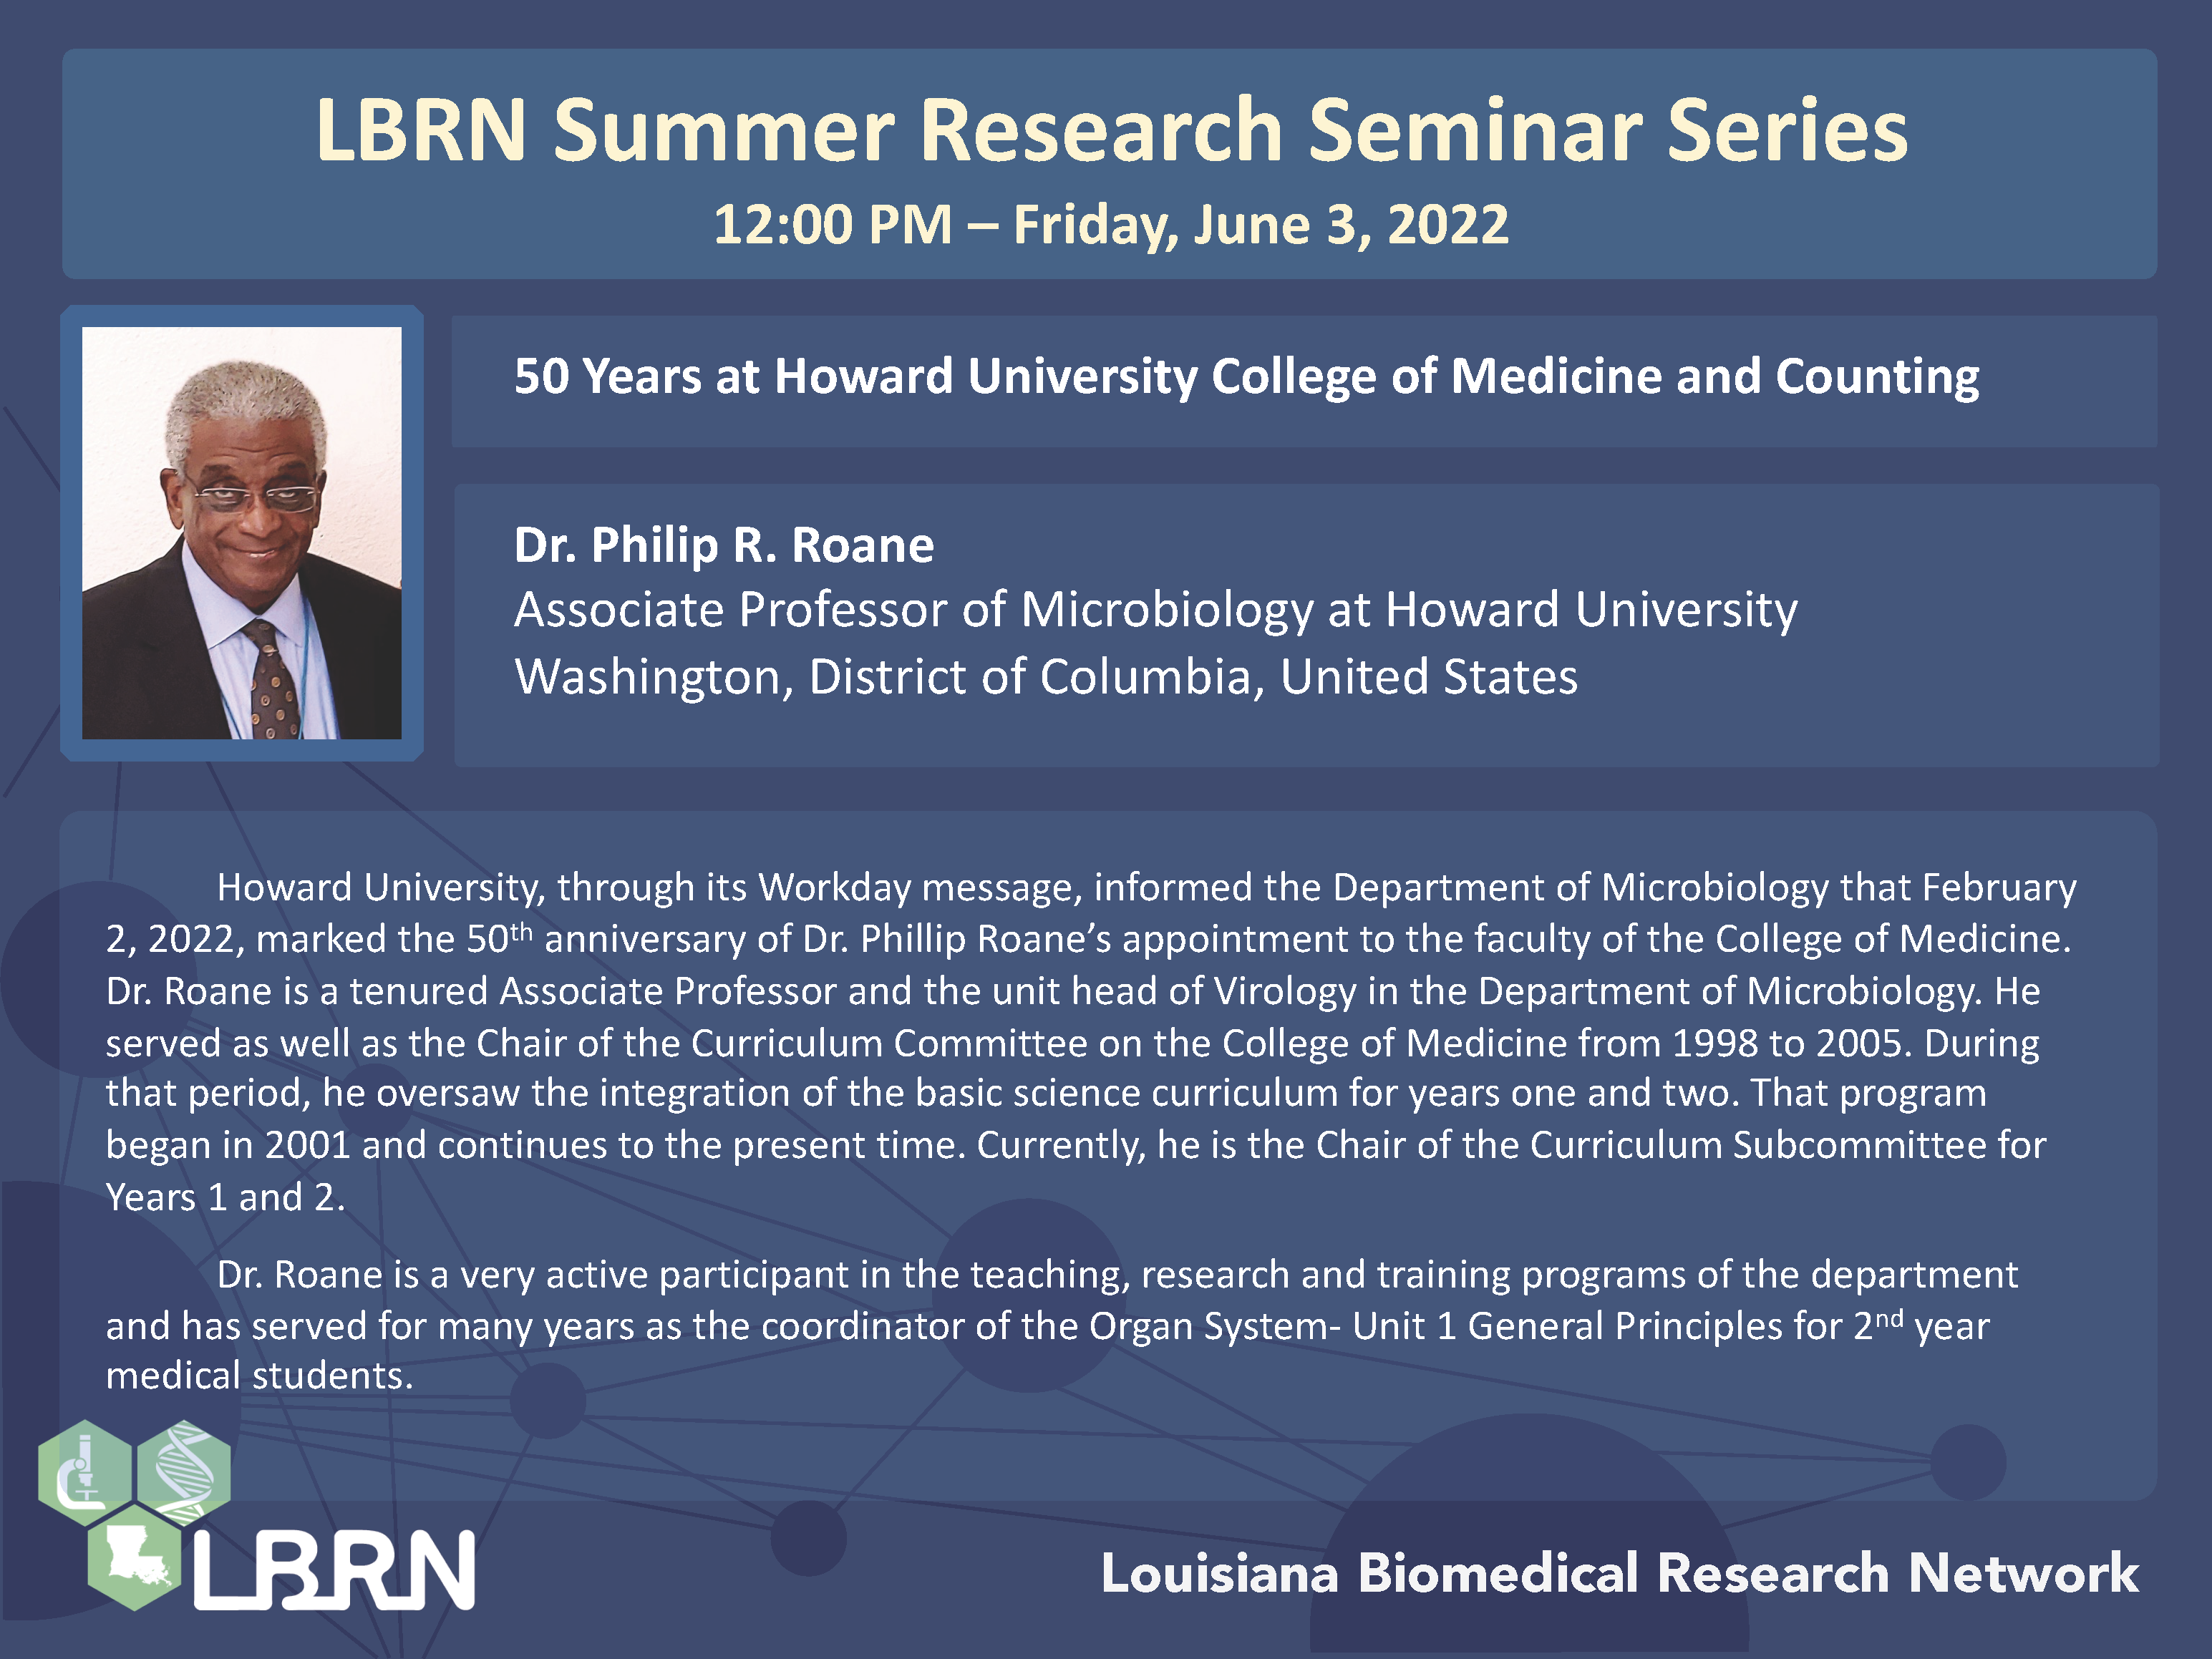 LBRN Summer Research Seminar Series - Dr. Philip R. Roane
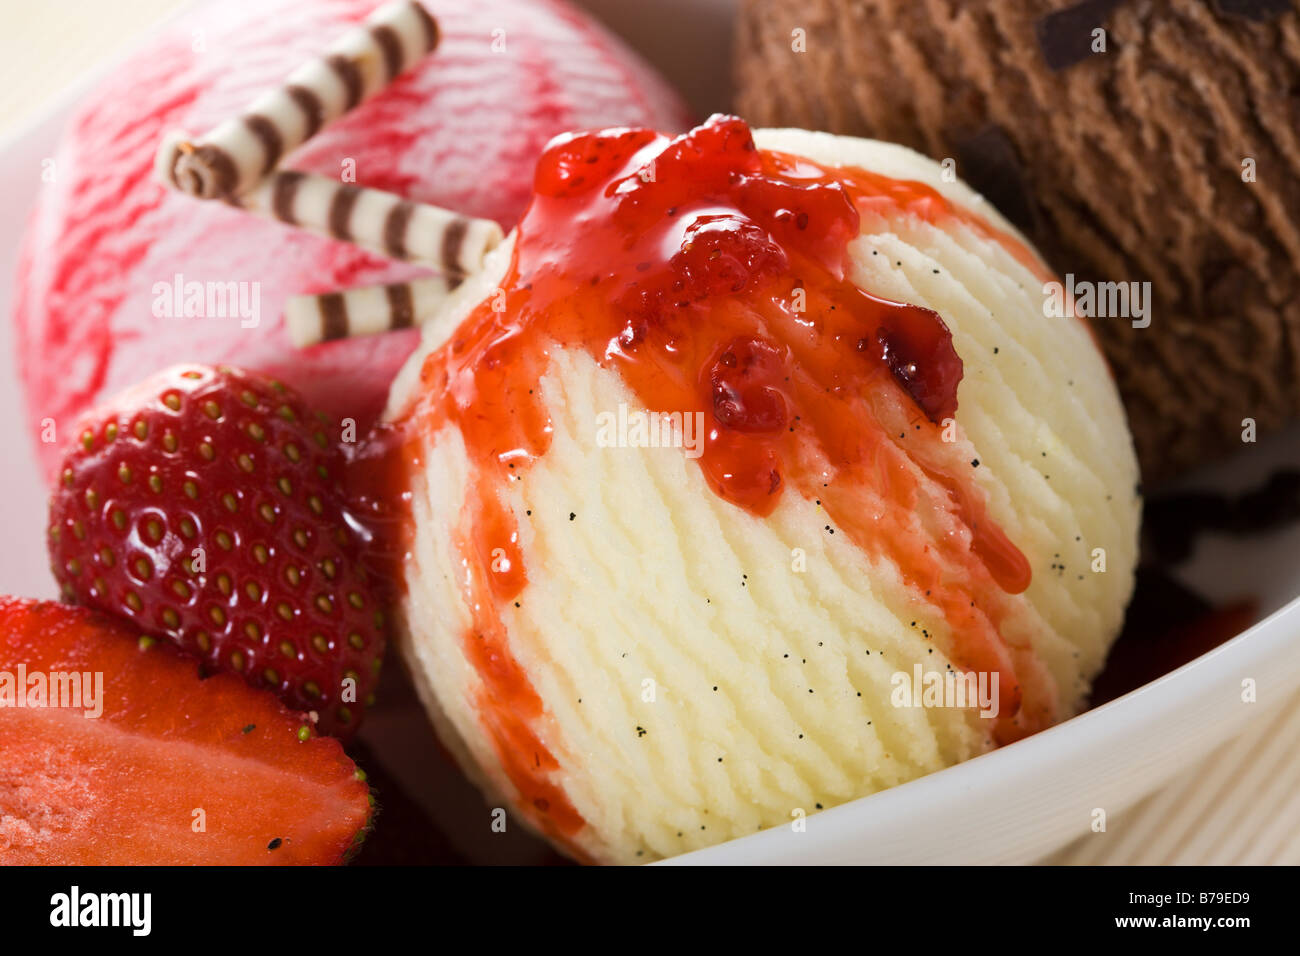 close-up of three balls of icecream - vanilla, strawberry, chocolate - with strawberry topping, strawberries and chocolate rolls Stock Photo
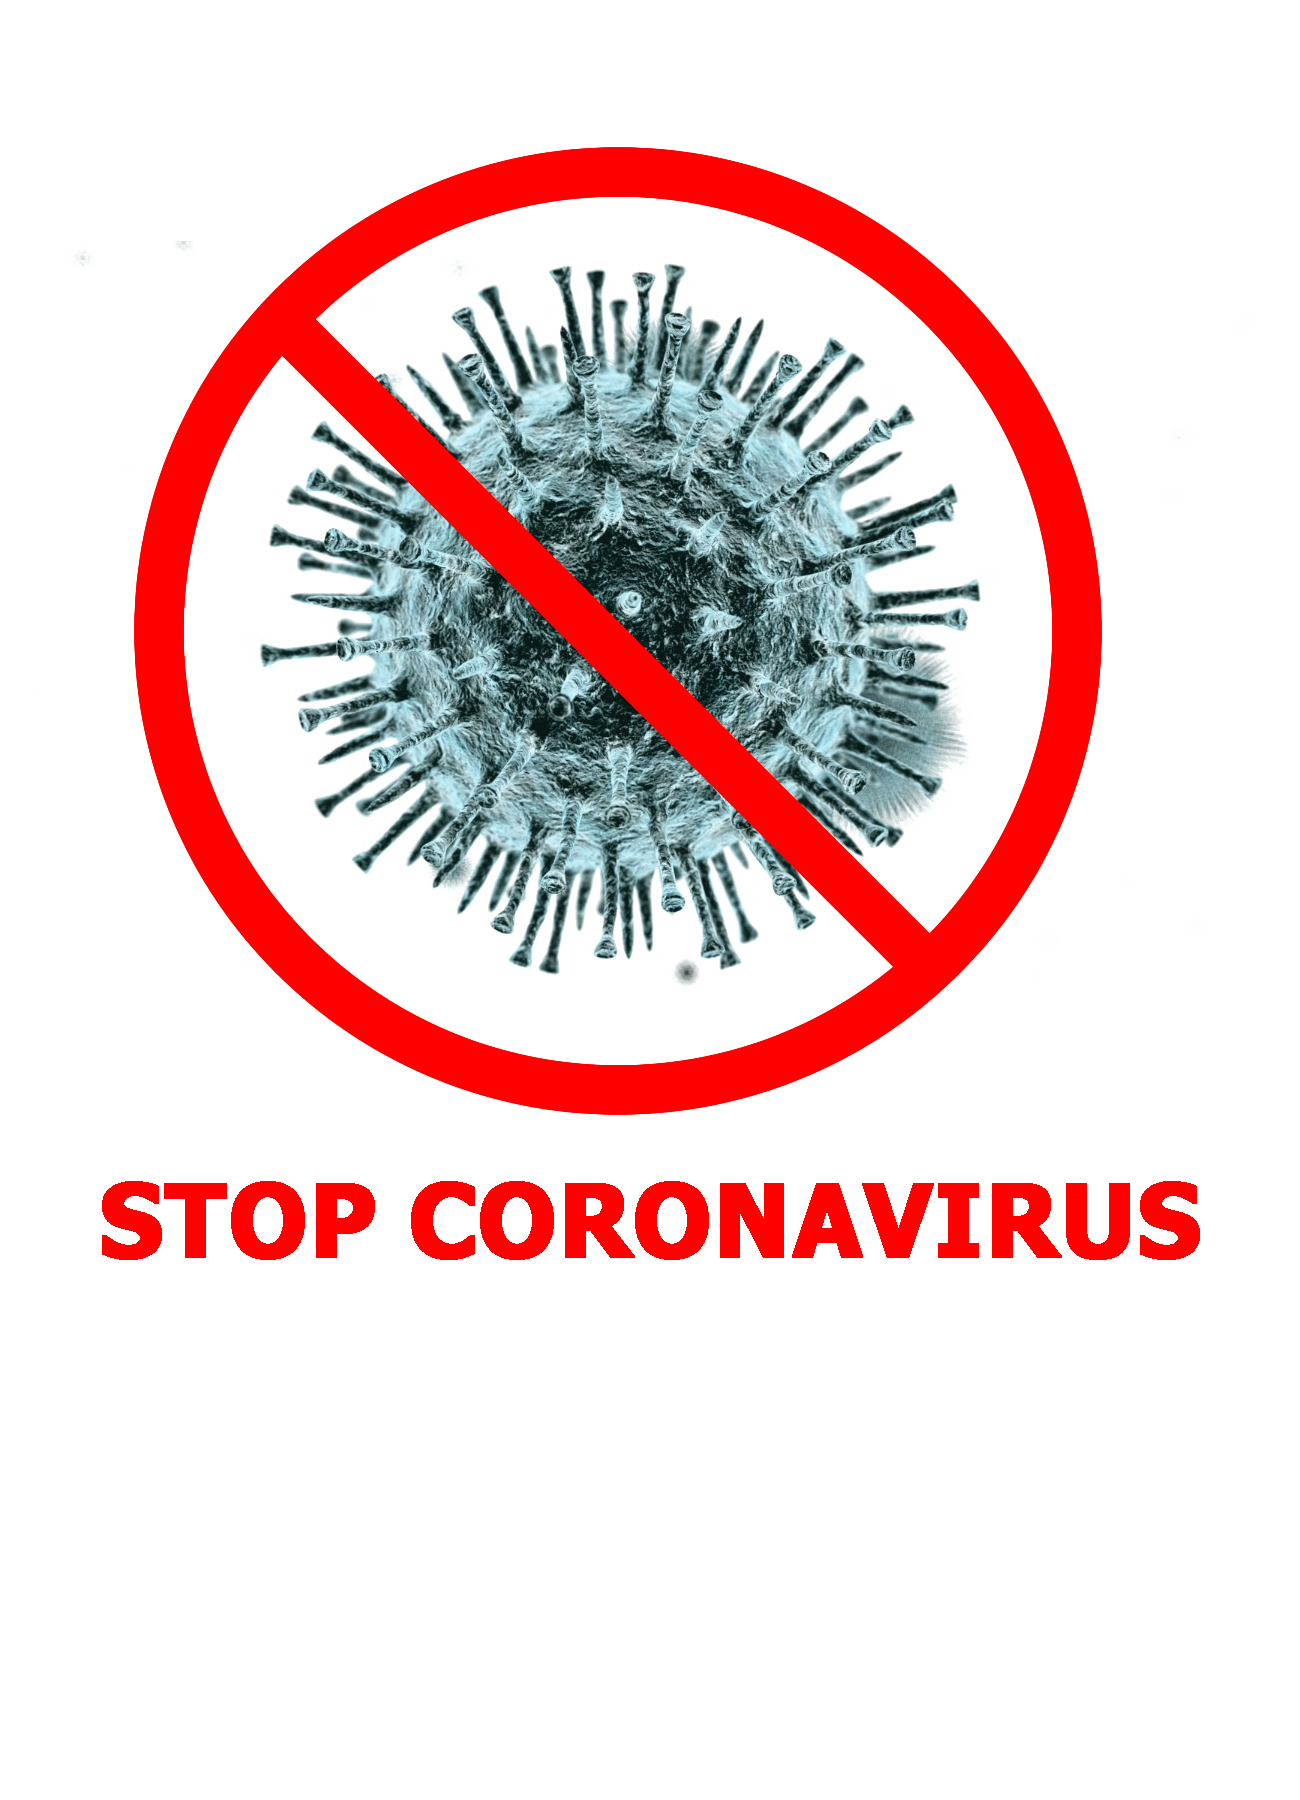 Coronavirus Stop Sign Free HD Image PNG Image

> _What the task asks_:
Give the data above back unchanged, except for the pictures.

> _Your response_:
 LBRN Summer Research Seminar Series - Dr. Philip R. Roane
 close-up of three balls of icecream - vanilla, strawberry, chocolate - with strawberry topping, strawberries and chocolate rolls Stock Photo
 Coronavirus Stop Sign Free HD Image PNG Image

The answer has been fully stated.